Today we are so blessed to have guest posting with us Flo Paris, a good friend of The Provision Room, singer, song writer, author, conservationist, and foodie-extraordinaire – and our only friend to have actually spent time with Wendell Berry!  She has captured us time an again with her music and words.  Flo has graciously allowed us to share one of our favorite songs with you as well!  Make sure you look for the link at the end of the post. 

We pray you will see God’s work in the earth as you read her post today.

“Practice Resurrection” – Wendell Berry

Earlier in April I had the opportunity to gather with other Nashville musicians to write songs for the church celebrating the beauty of God’s creation.

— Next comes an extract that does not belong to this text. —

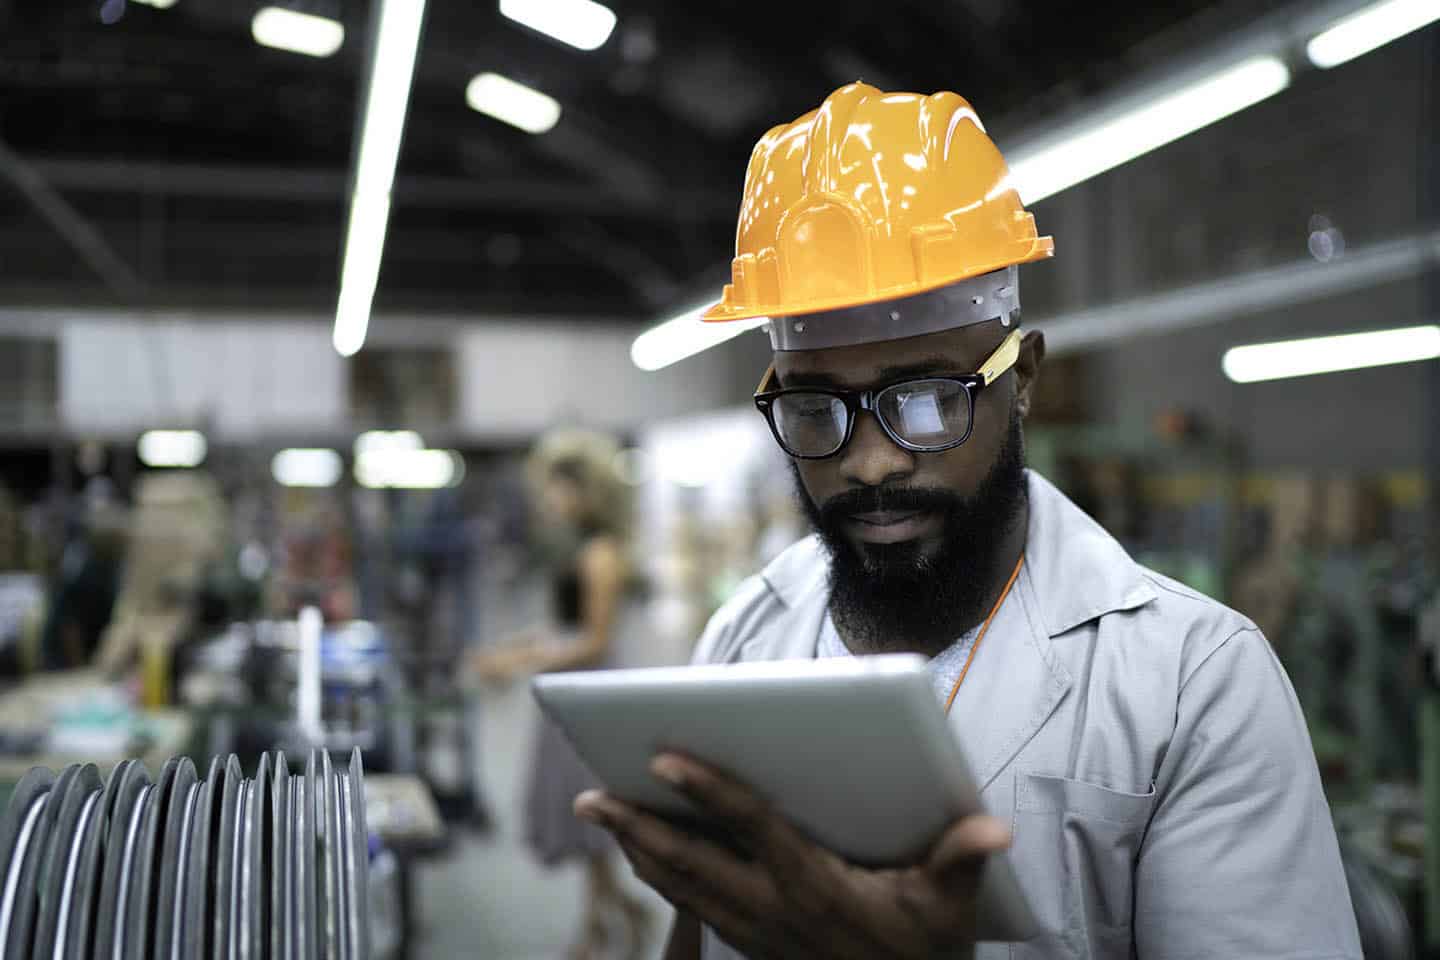 Engineer using tablet and working in factory

I rarely co-write, so I was nervous as our group of three (Kellie Haddock, Chelsey Scott, and myself) sat down with our collective past experiences, biases, and opinions to try to create art that is reflective of God’s goodness. I was not expecting to finish a full song, let alone a song I really liked. But, as often is the case with God, he not only gave us what we asked for (a song), but also like-mindedness and fellowship as we studied his words regarding creation.

We shared scripture and found hope in the idea that God’s initial creation of the earth and the final redemption of all things stand as bookends on either side of the brokenness in which we now live. Although redemption is promised, cynicism is easier than faith, and we need supernatural revival to turn our hearts to hope. It is hard to live in this tension.

Part of the difficulty of living in the “now and the not yet” is experiencing the brokenness of the physical earth. Many Christians and Environmentalists divide on how much of that decay is man-made, and how much is natural. In either case, the Bible makes it clear that it is not the way it was supposed to be. I would suggest that regardless of our political motivations or personal opinions, we roll up our sleeves and take an active part in enjoying and restoring the “stuff of the earth” that God calls sacred.

In between song-writing sessions our pastor spoke these words: God sent his Son to be a part of the earth, to become broken with it, and to ascend—not as a detached soul, but forever connected to his earthly body. This is a God who values the physical creation he has made—the mountains, the rivers, the birds of the air, you, me, and his own Son.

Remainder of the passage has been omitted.